I loaded a new piano in Kontakt yesterday. It was over 1GB RAM. for one piano. 

A lot depends on the libraries you use. Some use a lot of RAM, some use a lot of CPU. Also if you use more audio, you generally use less RAM.


----------



## nickp (Jun 4, 2020)

ok thanks guys, yea I have been into the idea of using synths, kontakt and possibly omnishpere, was thinking I might as well do 64, and then I heard that. Made me second guess the possibility of being able to use that much RAM directly in the DAW. Iv had people tell me with over a hundred tracks they use about 12 gigs of RAM. IV seen videos of people maxing out their cpus with plugins and synths on YouTube but its always their CPU that craps out first with the i9.And my CPU always does max out before RAM so I figured maybe this is true.
But just to double check you guys have actually used more than 32 gigs of RAM solely in DAWs in your laptops? I got some good answers here but I feel one person in fact has here, anyone else? Im still leaning towards it but am slightly on the fence


----------



## nickp (Jun 4, 2020)

Richard Wilkinson said:


> my macbook has 64GB and most sessions make full use of it. Your friend is wrong.


Thats good to know. Where do you find your projects being in terms of tracks? Which VSTs or plugins would you say have pushed your RAM there? Thanks for the response, very helpful


----------



## Richard Wilkinson (Jun 4, 2020)

Between 80 and 200 usually. As for ram, it's all the usual suspects - spitfire, orchestral tools, etc etc and lots of soundtoys, melda, izotope


----------



## nickp (Jun 4, 2020)

alright thank you for the perspective I appreciate it


----------



## dzilizzi (Jun 4, 2020)

It really depends on the type of music you make. I rarely hit 64 GBs because I don’t do a lot of full orchestral music. But I did once create a full template and only got maybe a quarter through before my old 16 go RAM laptop was done and I had to disable tracks. 

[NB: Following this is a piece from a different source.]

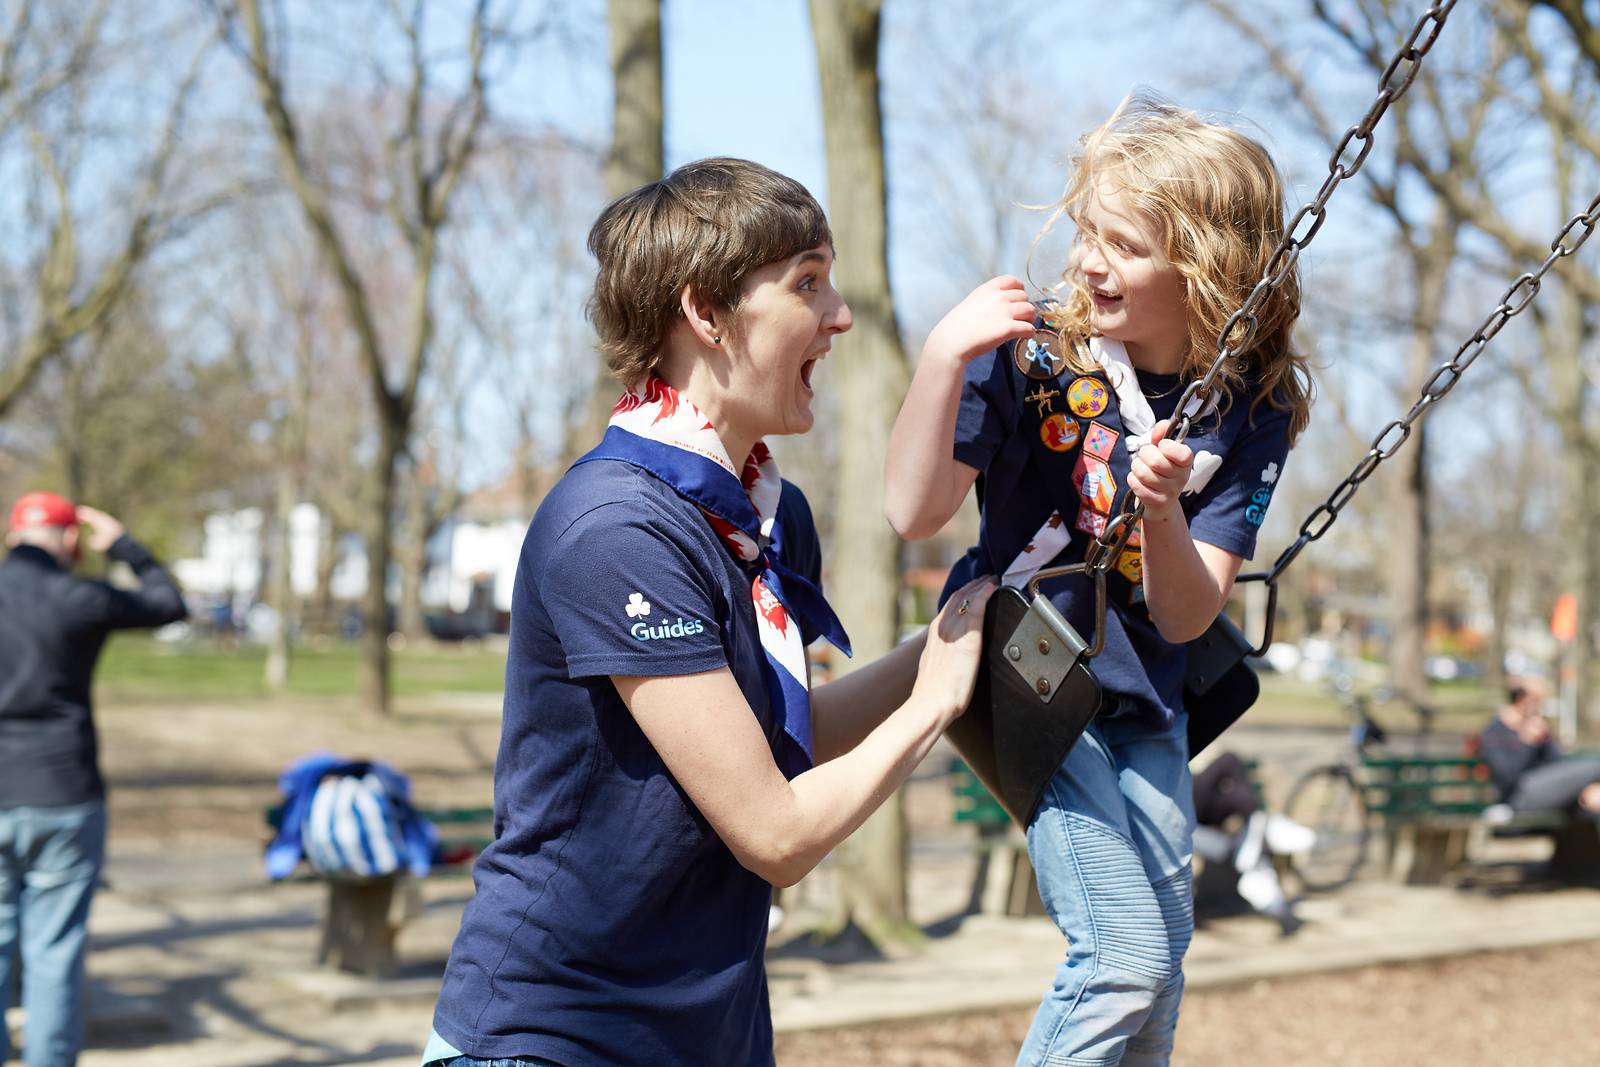 A young girl playing on a swing with a Girl Guides volunteer. The volunteer is making a face with a big smile at the girl.

So yeah, full orchestral? Definitely get 64 if you can afford it. More pop/rock/EDM/country, 32 is plenty. And you can even do 16 if you had to, but you would need to freeze tracks.


----------



## MartinH. (Jun 5, 2020)

EvilDragon said:


> It really totally depends on the library, but yeah, also on amount of processing you do in your DAW.
> 
> Also, it makes sense to have more RAM for larger templates with disabled tracks. Then you're always ready.




+1


I have a very old i7 CPU, probably not more powerful than i7 laptop CPUs nowadays are. My metal template chokes the CPU long before the RAM is full, my orchestral template needs over 40GB RAM and the CPU is not maxed out.


----------



## yiph2 (Jun 6, 2020)

Also had the same concern. But would I benefit from 64GB RAM or a i9 processor? And can 64GB RAM even be used fully if I use the i7?


----------



## EvilDragon (Jun 6, 2020)

RAM usage doesn't depend on the CPU at all, it depends on how much stuff you open/load.


----------



## yiph2 (Jun 6, 2020)

Oops, I thought it was somehow related... Anyways, should I get a i9 processor or 64GB RAM? Which one would be more beneficial? (for orchestral)


----------



## MartinH. (Jun 6, 2020)

yiph2 said:


> Oops, I thought it was somehow related... Anyways, should I get a i9 processor or 64GB RAM? Which one would be more beneficial? (for orchestral)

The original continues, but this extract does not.